The hard core model in statistical physics is a probability distribution on independent sets in a graph in which the weight of any independent set I is proportional to lambda^(|I|), where lambda > 0 is the vertex activity. We show that there is an intimate connection between the connective constant of a graph and the phenomenon of strong spatial mixing (decay of correlations) for the hard core model; specifically, we prove that the hard core model with vertex activity lambda < lambda_c(Delta + 1) exhibits strong spatial mixing on any graph of connective constant Delta, irrespective of its maximum degree, and hence derive an FPTAS for the partition function of the hard core model on such graphs. Here lambda_c(d) := d^d/(d-1)^(d+1) is the critical activity for the uniqueness of the Gibbs measure of the hard core model on the infinite d-ary tree.
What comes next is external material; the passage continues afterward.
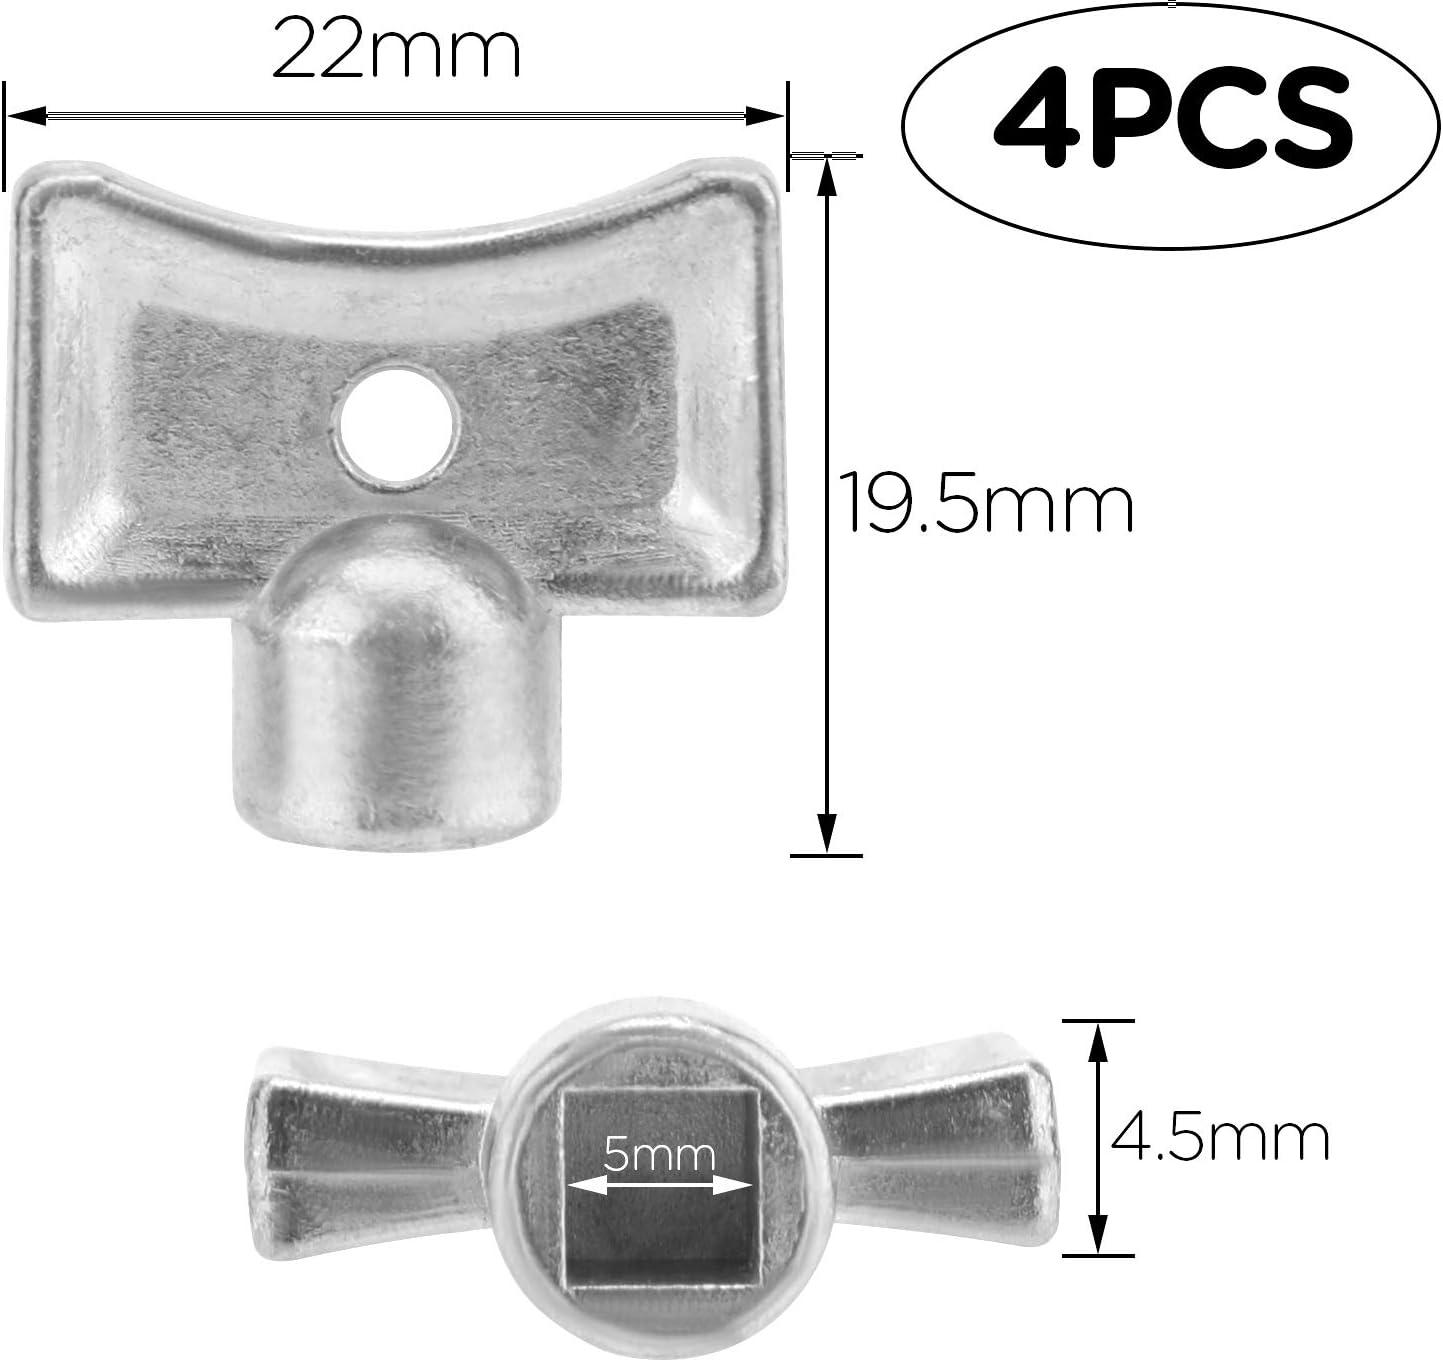 LUTER 4Pcs Radiator Valve Keys Silver Radiator Bleed Hole Key Radiator Vent Air Valve Key Plumbing Valve Key for Radiators and Faucet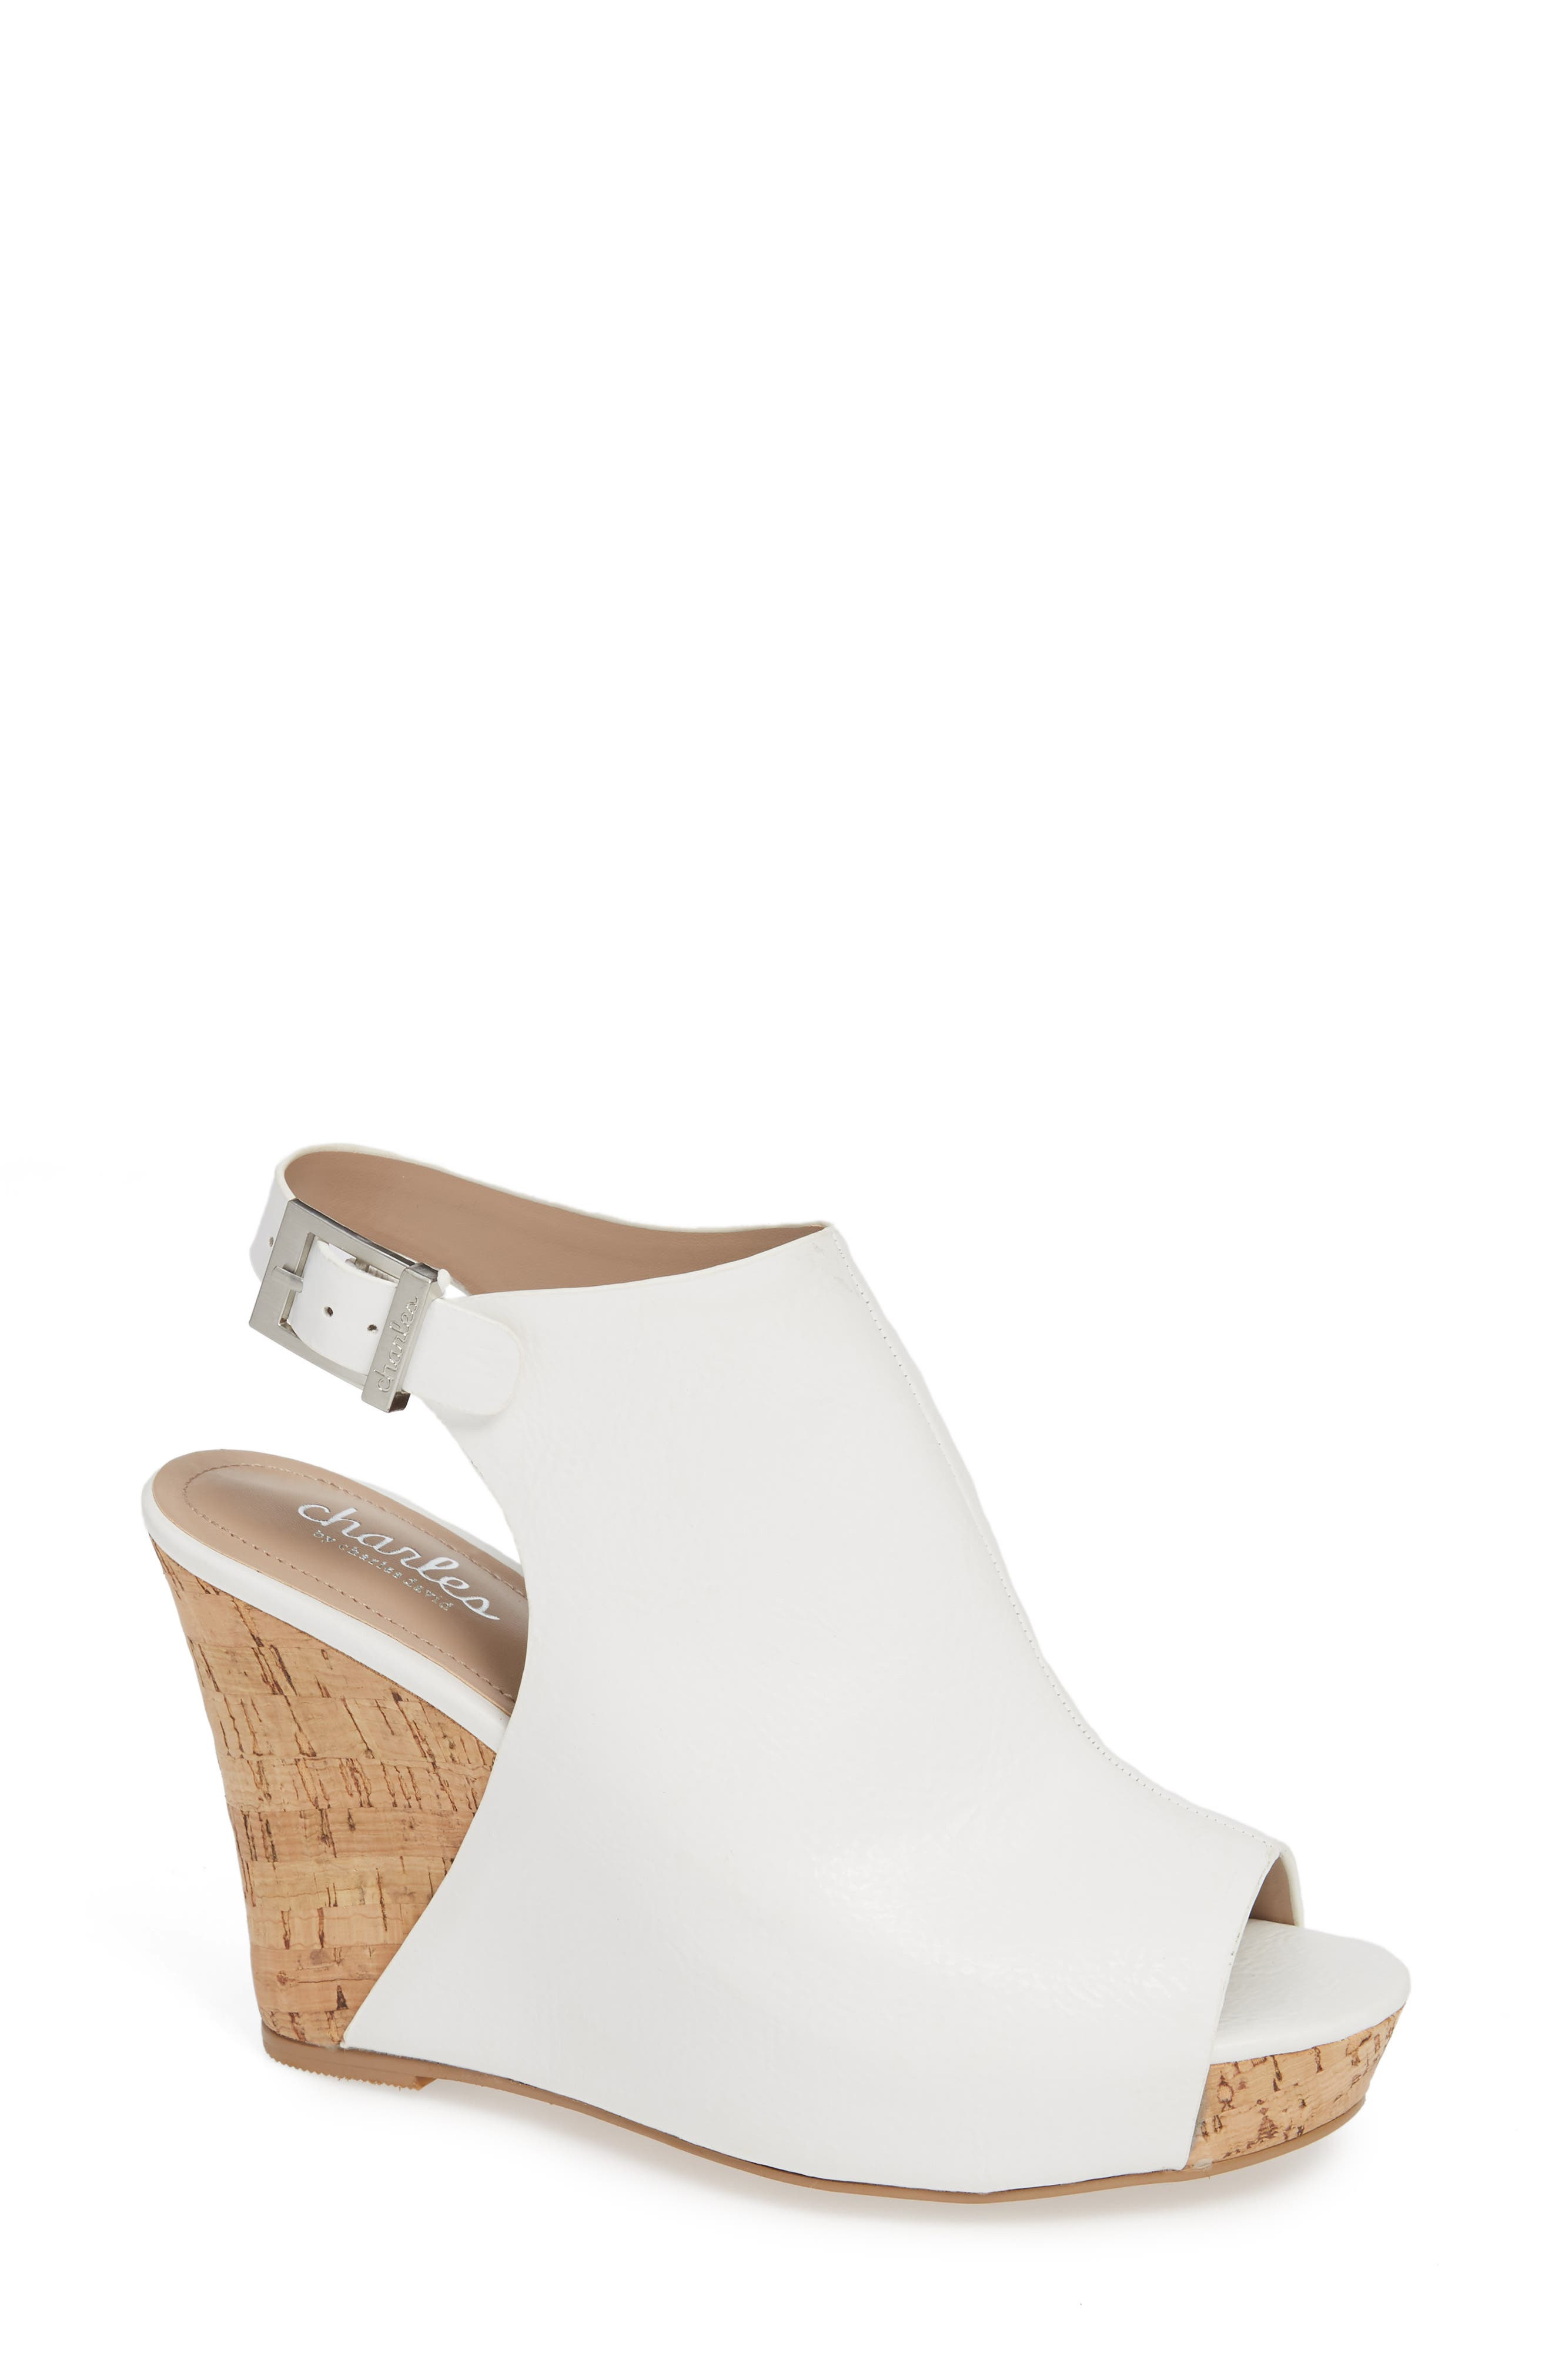 Charles By Charles David Lobby Slingback Wedge Sandal- White

As an application, we show that the partition function can be efficiently approximated with high probability on graphs drawn from the random graph model G(n,d/n) for all lambda < e/d, even though the maximum degree of such graphs is unbounded with high probability. We also improve upon Weitz's bounds for strong spatial mixing on bounded degree graphs (Weitz, 2006) by providing a computationally simple method which uses known estimates of the connective constant of a lattice to obtain bounds on the vertex activities lambda for which the hard core model on the lattice exhibits strong spatial mixing. Using this framework, we improve upon these bounds for several lattices including the Cartesian lattice in dimensions 3 and higher. Our techniques also allow us to relate the threshold for the uniqueness of the Gibbs measure on a general tree to its branching factor (Lyons, 1989).